# will 10.2 break mySQL/Postgres/fink/gimp?



## dsnyder (Aug 23, 2002)

I have a bunch of Unix software that I've compiled and/or installed on my iBook under 10.1.5.   mySQL, Postgres, the gimp and XDarwin are the four that I use the most and rely on to do my work.  Does anyone know if these will continue working if I upgrade to 10.2?  I really can't afford the downtime if I have to recompile everything.

Thanks,

David


----------



## Captain Code (Aug 23, 2002)

I was wondering this as well since I'm running Postfix and QPopper. 

I think that as long as there's nothing in the /Library folder that is installed by the programs you compiled than there probably won't be a problem.

If there is, then you will most likely just need to make install again, and probably not have to compile the apps.

Make sure you back up any configuration files to minimize your down time.


----------



## RiscIt (Aug 24, 2002)

I came here looking for help to this problem (no luck btw)

I installed a 10.2 upgrade from 10.1.4 - the MySql user account is dead and I'm pretty sure I need to reinstall the whole thing.

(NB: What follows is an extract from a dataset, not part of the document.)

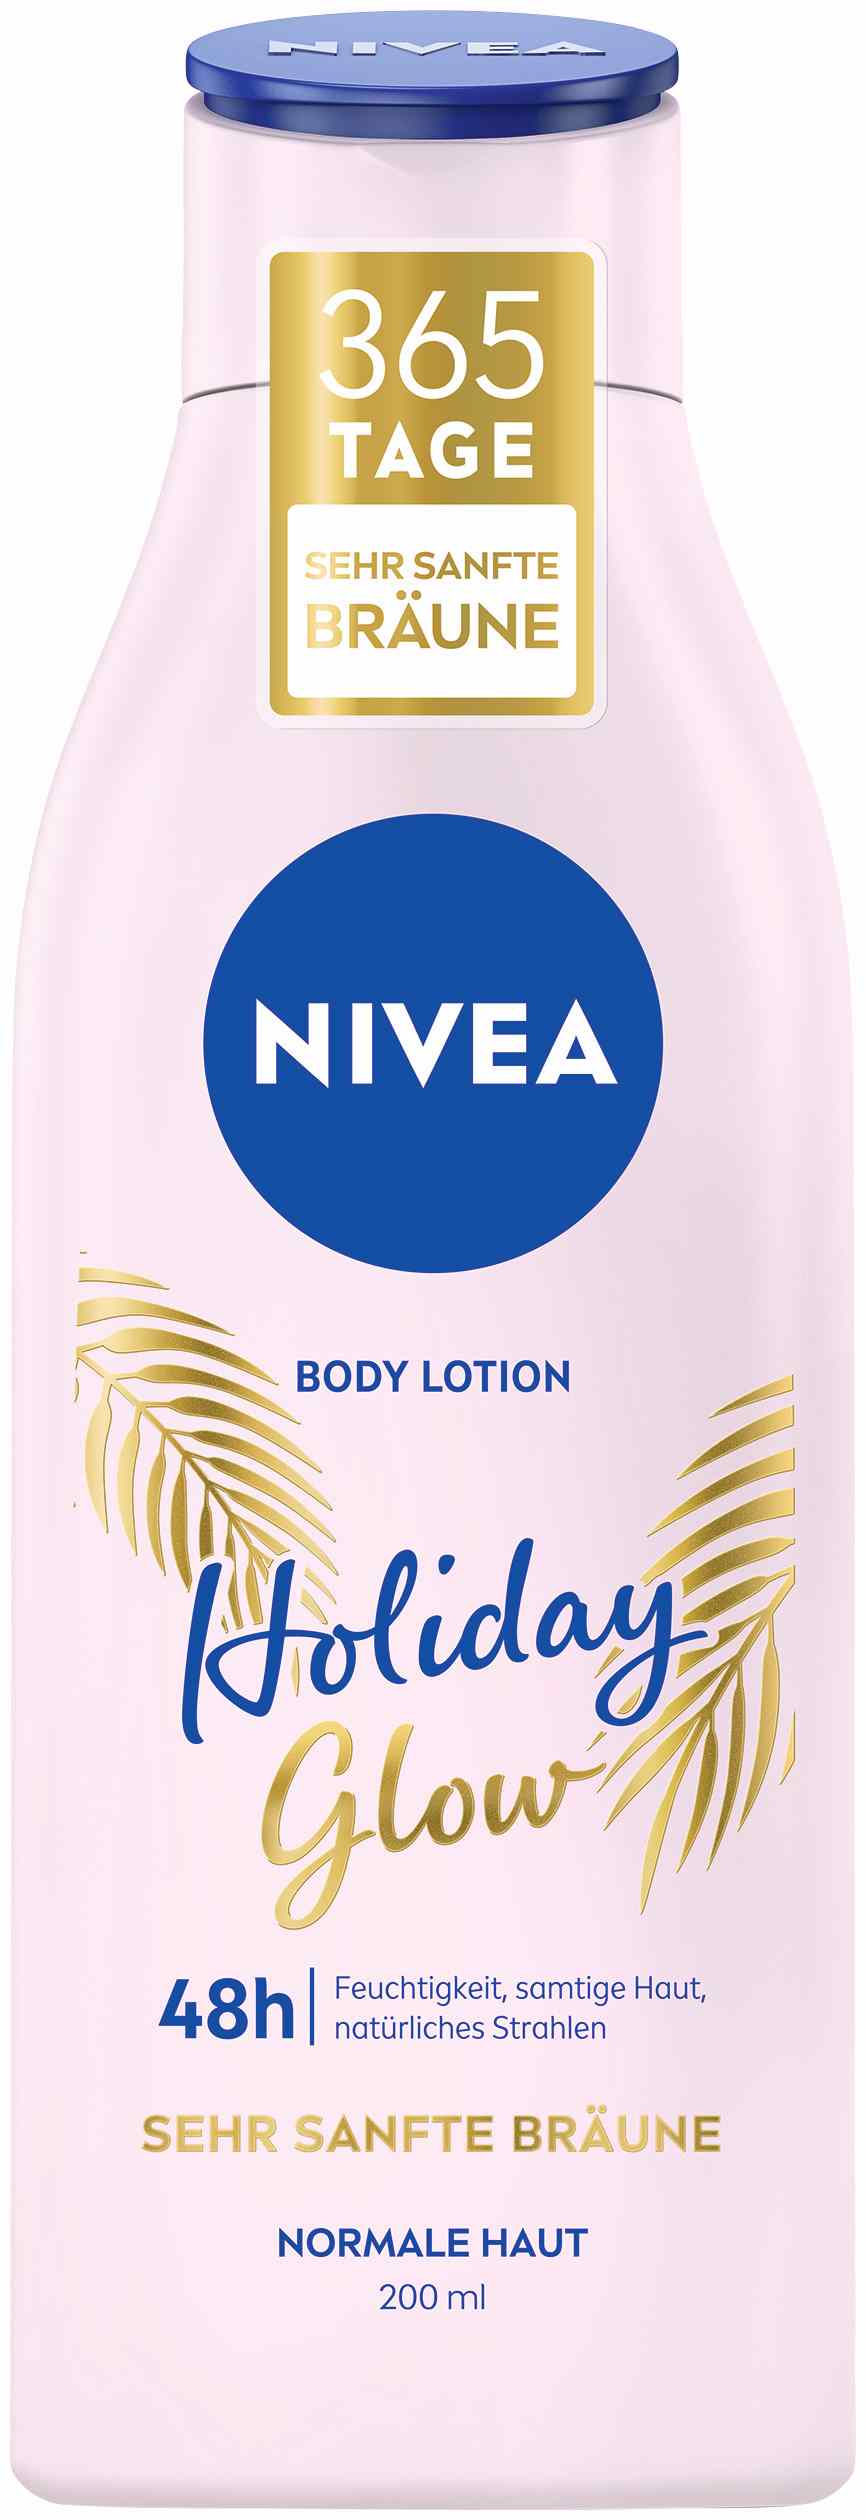 Za čvrstu, zdravu i prirodno preplanulu kožu 365 dana u godini  prepusti se NIVEA Q10 losionima za telo

Which sux cuz I'm right in the middle of a project.

Now ya know.


----------



## bwanabob (Aug 24, 2002)

Heheh..

First rule of a production. Never change the hardware/software/OS until the project is finished. 

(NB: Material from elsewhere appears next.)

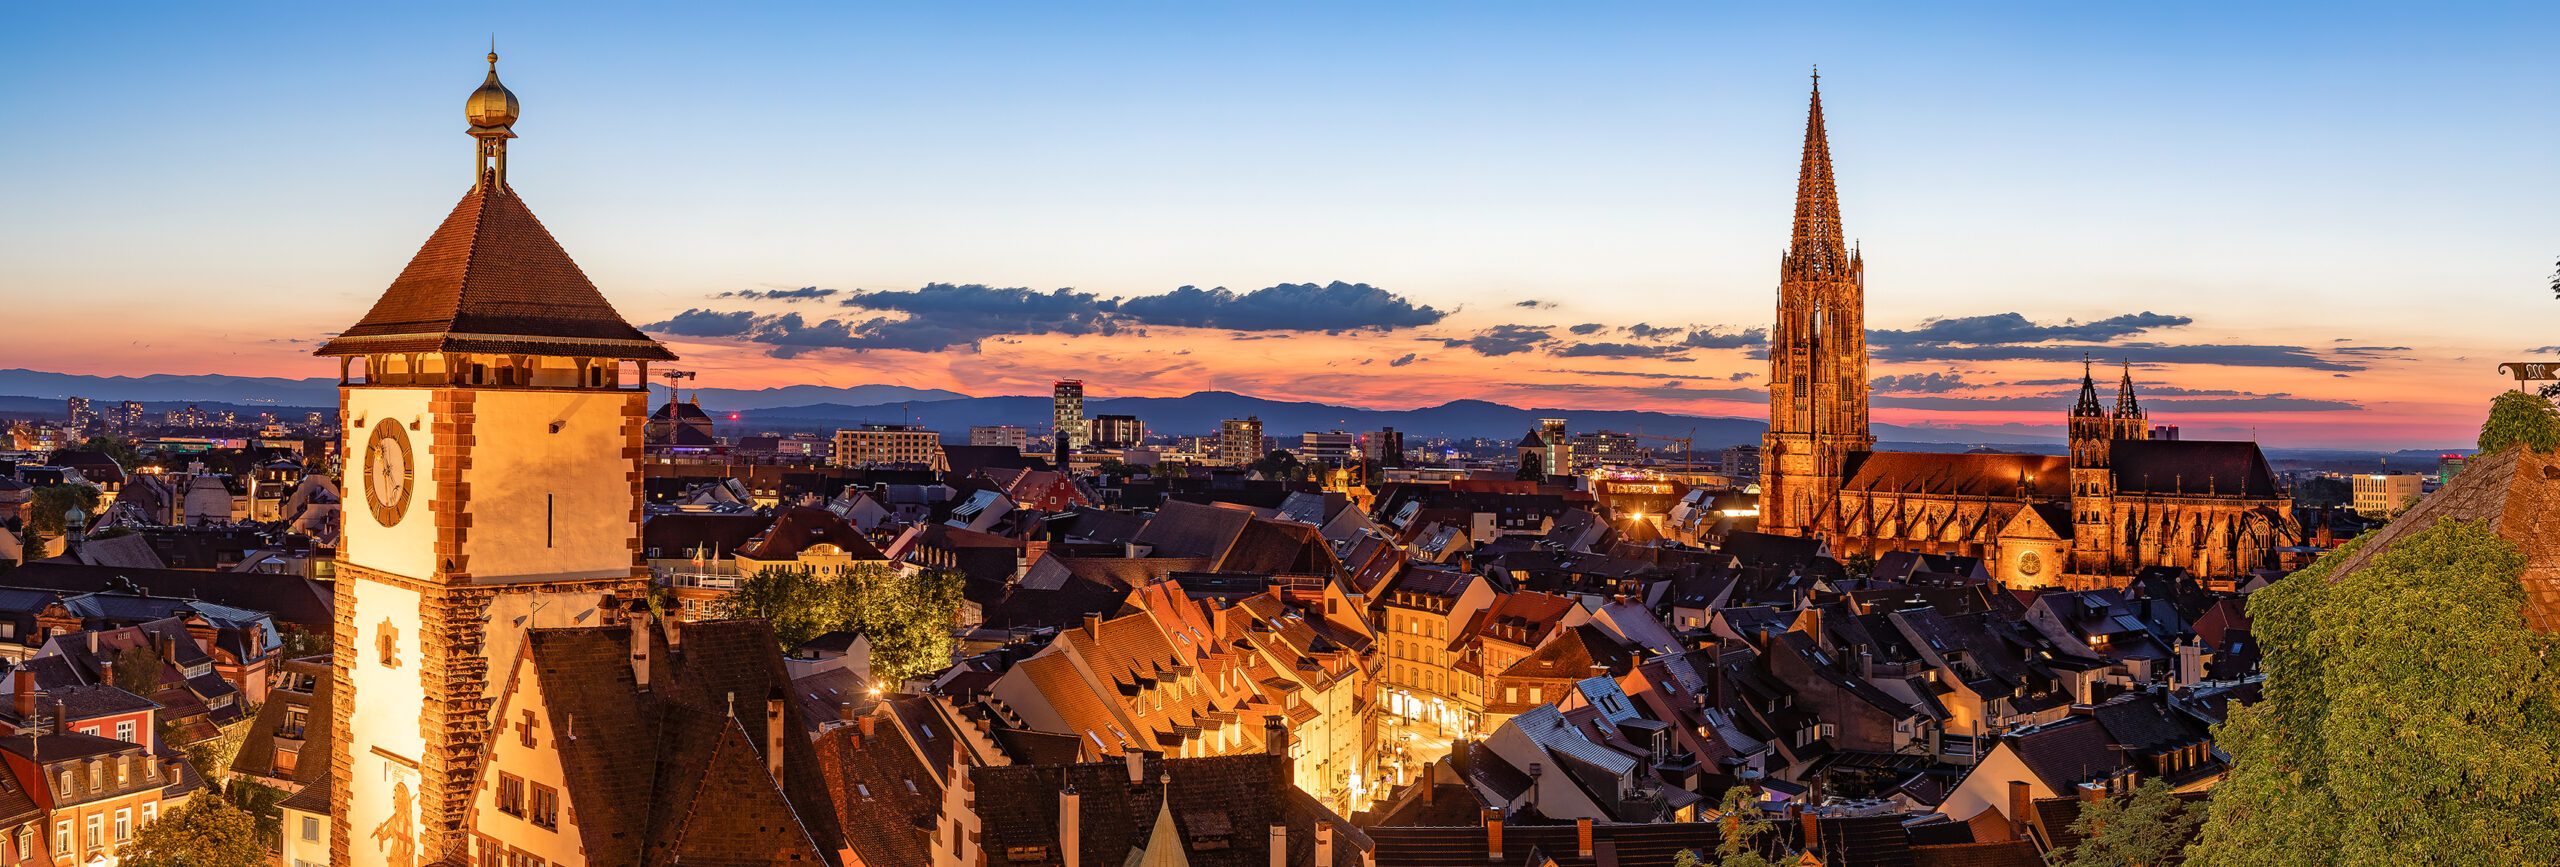 Schwabentor und Münster im Abendlicht, Freiburg

I've noticed that there is a problem with several open-source packages and GCC 3.x. Depending upon the version of GCC that is used, some packages will not compile. Under 10.1.x, we were using GCC 2.95.2. With 10.2, we now use GCC 3.1.  There are dramatic changes between these versions. Usually, this means that the open source package has to have some code modifications before it will compile.

I've been working on the OpenH323 package (to create a "netmeeting-like" package available for OSX), and it will not compile under "Apple's" version of GCC 3.1.

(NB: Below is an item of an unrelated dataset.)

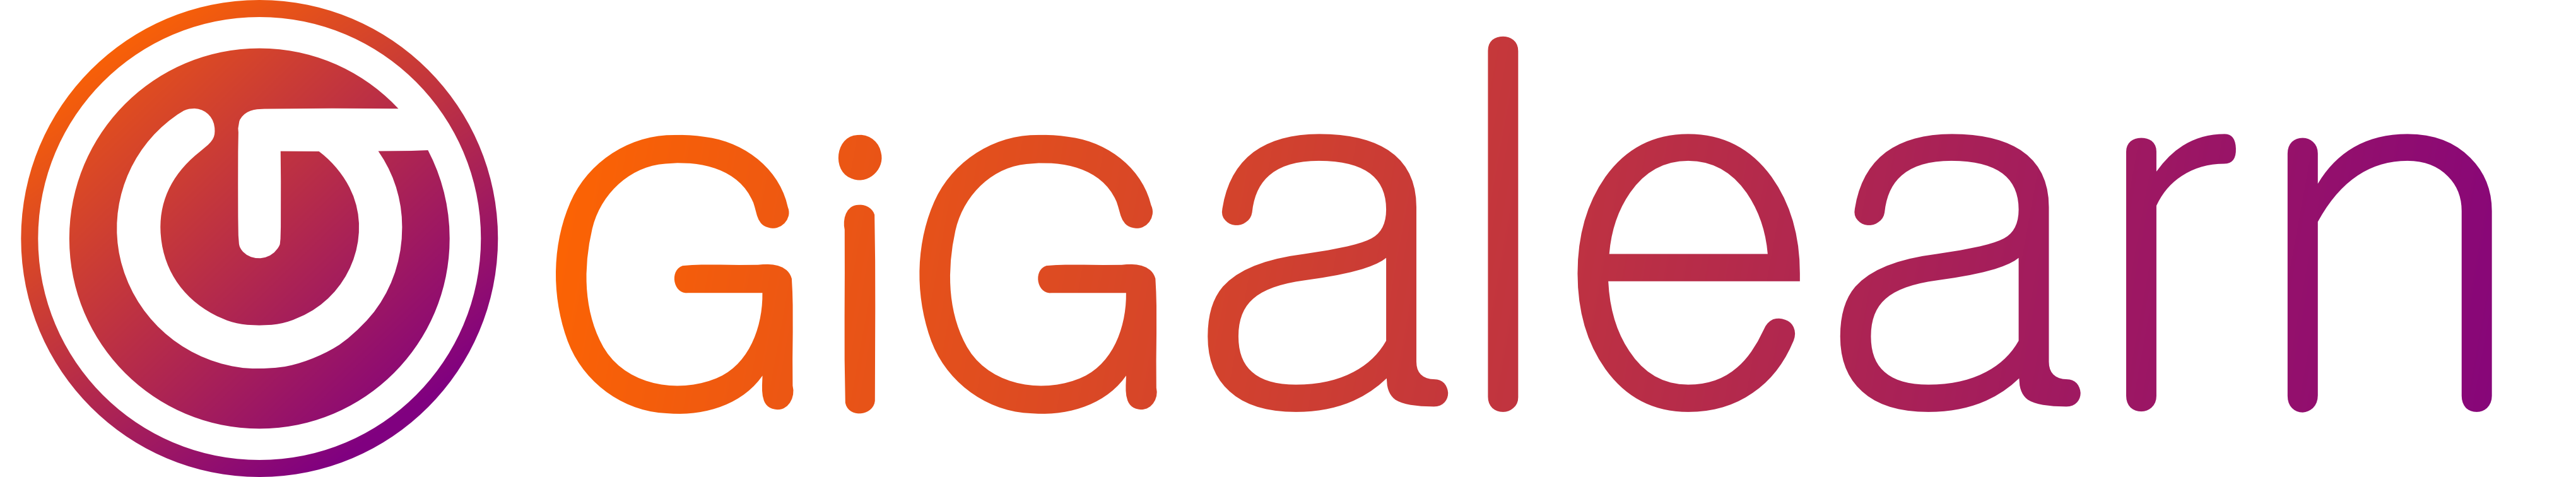 Gigalearn logo

Other opensource packages may suffer this fate.


----------



## Mars (Aug 24, 2002)

RiscIt, Jaguar adds a MySQL user of it's own. So, it seems to destroy the permissions on anything that was owned by a "mysql" user before the upgrade.

To fix it, simply chown any files that were owned by your MySQL user to "mysql".

That fixed it for me!

Mars


----------



## RiscIt (Aug 24, 2002)

> To fix it, simply chown any files that
> were owned by your MySQL user to "mysql".

	Worked great. You rock.  Thanks a bunch!


----------



## mkwan (Aug 27, 2002)

this may seem to be a dumb question, but how does one do that?


----------



## dsnyder (Aug 27, 2002)

Might it be easier to change the uid of the "new" mySQL user back to the uid of the old one (assuming you can figure out what the old uid was).  This can be done with Netinfo Manager I believe.


----------



## DMCrimson (Aug 27, 2002)

mkwan, it's done in terminal via command chown. Here is a helpful article from resexcellence.


----------



## Fahrvergnuugen (Aug 27, 2002)

10.2 seems to have changed the $PATH completely, not sure why. So if your applications are installed in /usr/local/bin you will not be able to run them like you did before. Just update your path to include /usr/local/bin and everything will go back to normal.

As far as MySQL is concerned, it will stop functioning when you install 10.2 [because the /usr/local/bin isn't in your $PATH any more] but its easy to make it work again. I have been using Mark Liyanage's MySQL installer to simplify things. I got my old version of MySQL running [by just running the mysqld manually, logging and then running a mysqldump, instructions here: http://www.entropy.ch/software/macosx/mysql/remove-old-mysql.html ]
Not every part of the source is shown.